Wednesday, June 11, 2014

Camden - 18 Months

My Camden Boy is 18 months old.  A year and a half.

I keep asking myself how this even happened, but with the craziness that has been the past few months - it really is no surprise that it snuck up on me.  Time sucks.  I am loving this stage of his little life, just like I've loved all the rest before it.  He has moments of starting to test my patience, but he is still a sweet, funny, and wild little tornado child.  So much so, that my mom has started calling him Camnado.

It's been awhile since I laid out the latest happenings of my man cub, so without further ado:

- He doesn't walk.  He runs.  Everywhere.

- Climbs on everything.

- Loves to play with balls and his baby golf clubs.
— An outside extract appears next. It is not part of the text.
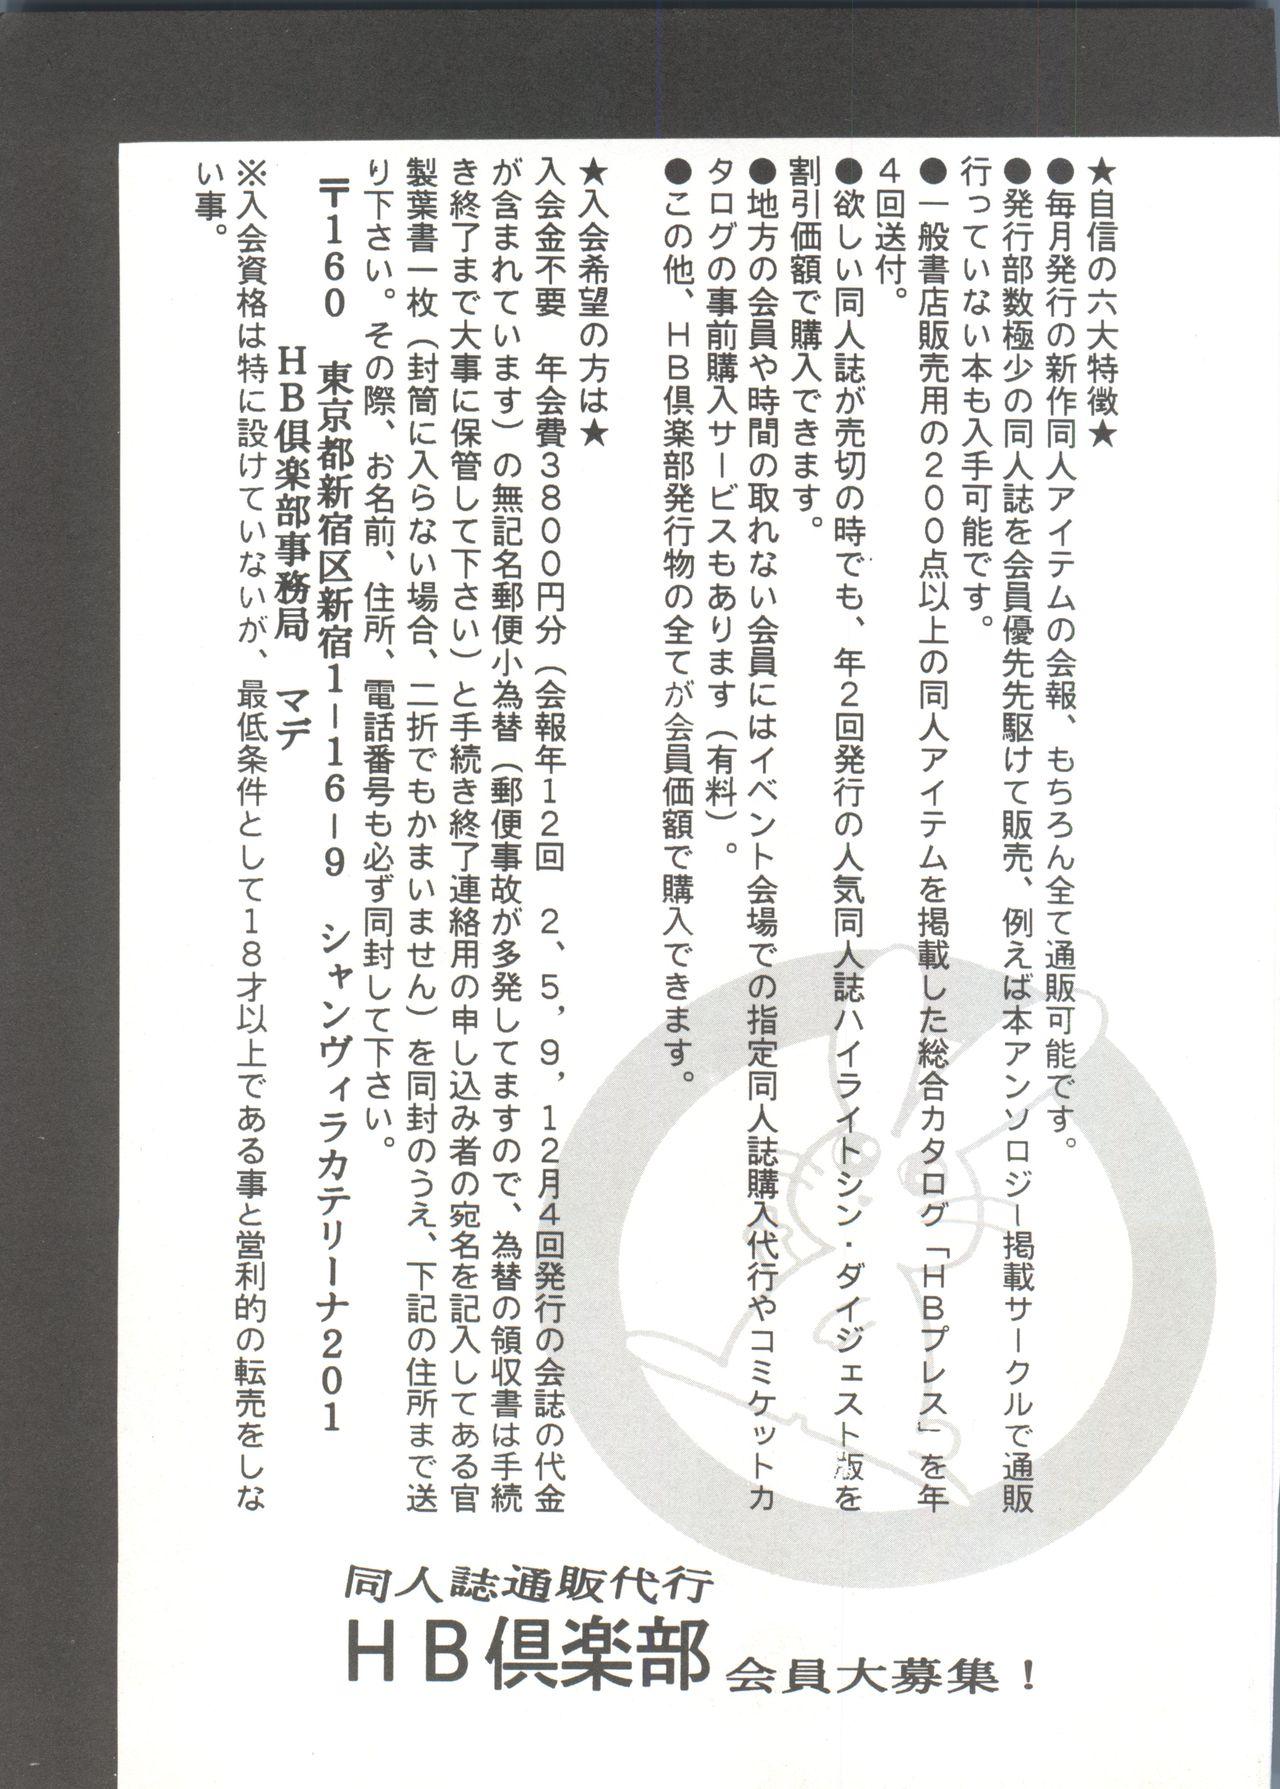 Bishoujo Doujinshi Anthology 7 - Moon Paradise 4 Tsuki no Rakuen 147
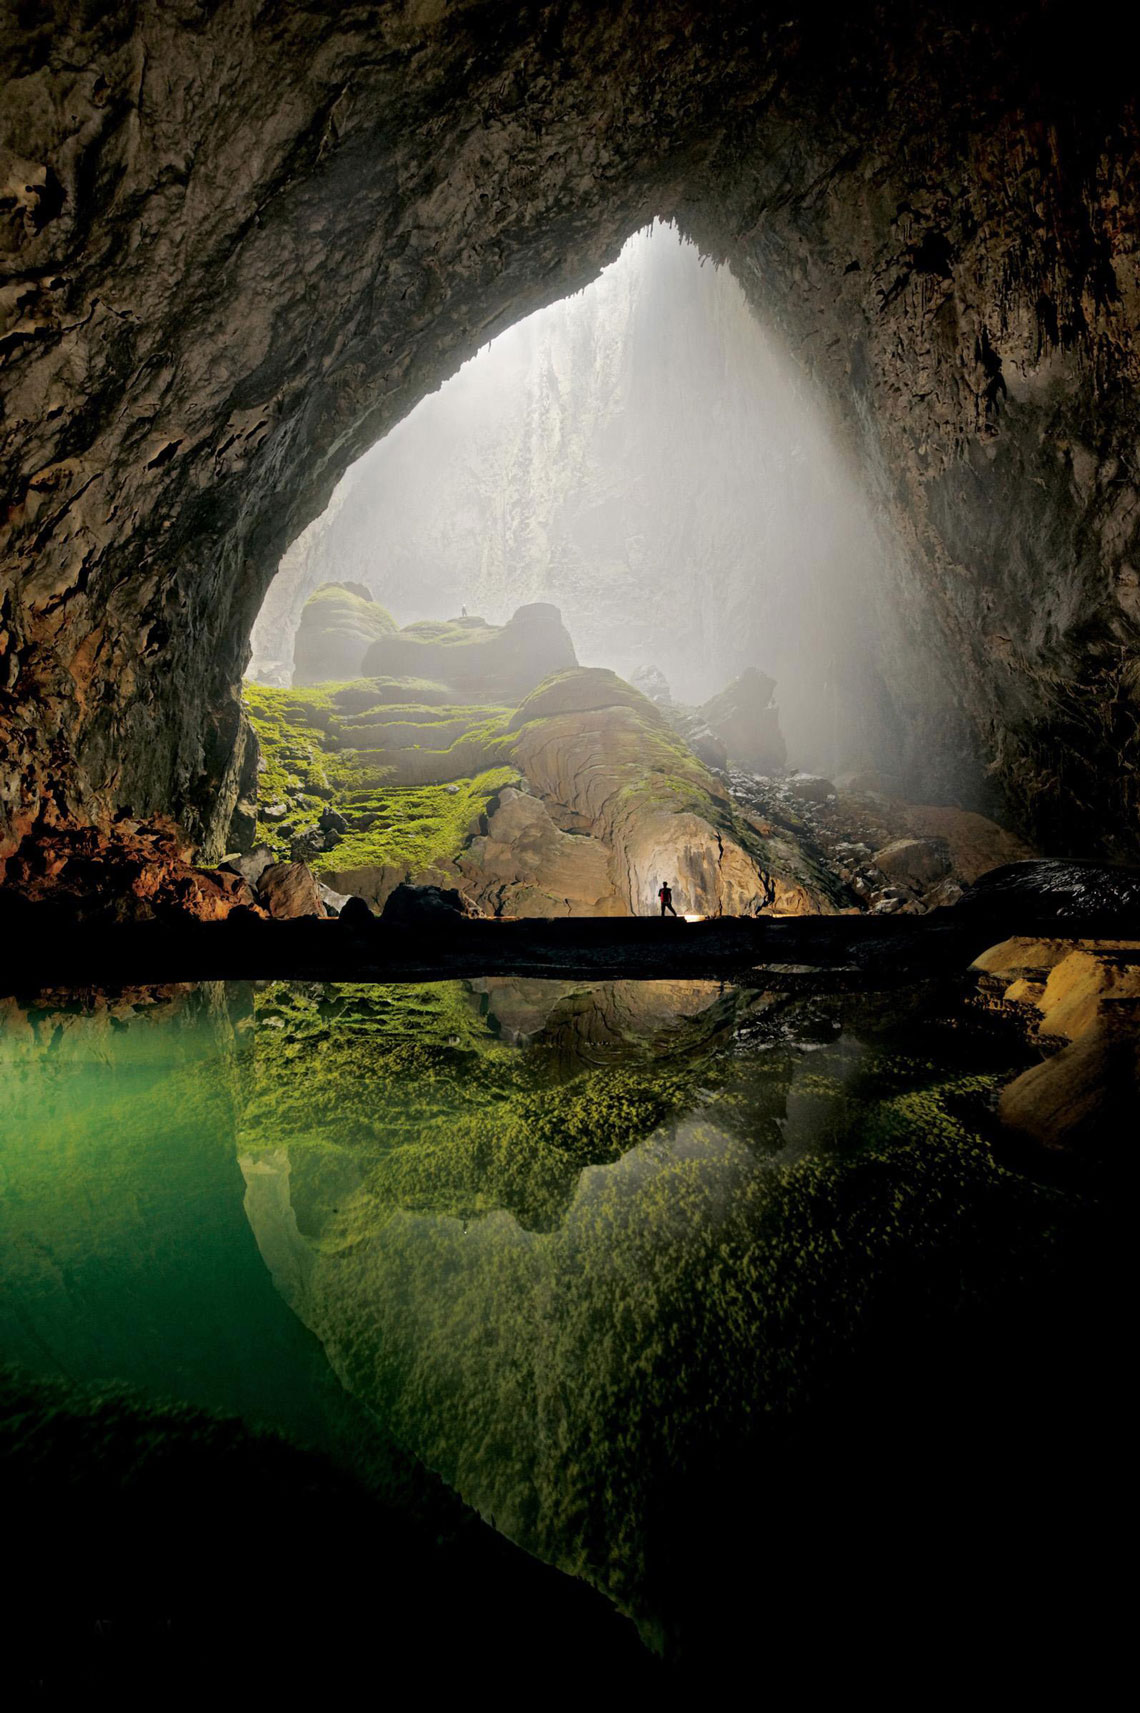 Son Doong es la cueva más grande del mundo. Se encuentra en el centro de Vietnam, en la provincia de Quang Binh, en el Parque Nacional Phong Nha Kebang. La cueva tiene un río subterráneo que inunda algunas partes de la cueva durante la temporada de lluvias. Esta cueva es conocida por los lugareños desde 1991, en abril de 2009 fue descubierta por un grupo de espeleólogos británicos.

These toys quickly become weapons. 

- Favorite songs are "Barbara Ann" by The Beach Boys and "Starships" by Nikki Manaj (not even kidding), "Hot Dog" from Mickey Mouse Clubhouse, and of course, the Bubble Guppies theme song.

- Loves to blow kisses and give real ones, too.

- Gives the best little man hugs and if you are lucky, he will pat your back, too.  A few times I've been crouched down/bent over picking up something and he's come up behind me and given me a backside hug and pat.

- LOVES his daddy.

- Does not tolerate wearing shoes and/or socks while in the car and tries to pull his socks off with his teeth.  Usually unsuccessfully.

- Had his last shrimp swim lesson and will start kipper class at the end of the month.

- Is quite the little chatterbox.  We can't understand 90% of the things he says, but he sure tries.

- Says mama, mommy, dada, daddy, ball, baby, dog, gaga (Grammy), papa (Grampa), Ray-Ray (Rachel), ouch, nana (banana), hi, bye-bye, and Xbox.  That last one, I'm not as proud of.

- Thinks any fruit or vegetable is a banana (nana) and refers to it as such.

- Loves his puppies and tries to say "Sonny" but it comes out "Shu-she."

- Signs "more" and "please."

- Has 12 teeth.

- His favorite books are Barnyard Dance, Is Your Mama a Llama, and Brown Bear, Brown Bear.  The scary thing is that he can pick these three out of a stack when asked. The scarier thing is that I can recite each of these books by heart.

- Recently started jumping.  Or maybe it's hopping?  Seeing a toddler jump/hop is hysterical, by the way.

- Still wants his breakfast, lunch, and dinner.  And yours, too.  And many, many, many snacks.

- Uses a spoon and fork to feed himself.  We're still working on minimizing the mess that comes with self-spoon feeding.

- Can point to his head, nose, tummy, and toes, and thinks "Head, Shoulders, Knees and Toes" is a hoot.

- Has started making diaper changes really, really difficult.  Legs are kicking, a pelvis is thrusting, and there is just generally a lot of squirming going on.  If I had four feet I'd be able to pin his shoulders and his legs.

- Can mean mug like nobody's business.  He gets that from his mama.

- Loves crackers.  Any kind of crackers, really - but his favorites seem to be Ritz, Honey Maid Graham, and Annie's Honey Bunnies. Whatever you do, don't try to give him Annie's Cheddar Bunnies.  Apparently those are not so much his favorite and he will let you know that you've eff'd up.

- Double fists when eating crackers.  Always.

- Smiles and laughs at himself when he lets out a burp or toot.

- Loves to "help" vacuum, sweep, dust, carry things, and put things away.

I could go on and on about this little busy guy.  He lights up our life and we are so grateful to get to be his parents.  I see his smile and hear his laugh and everything seems right in the world.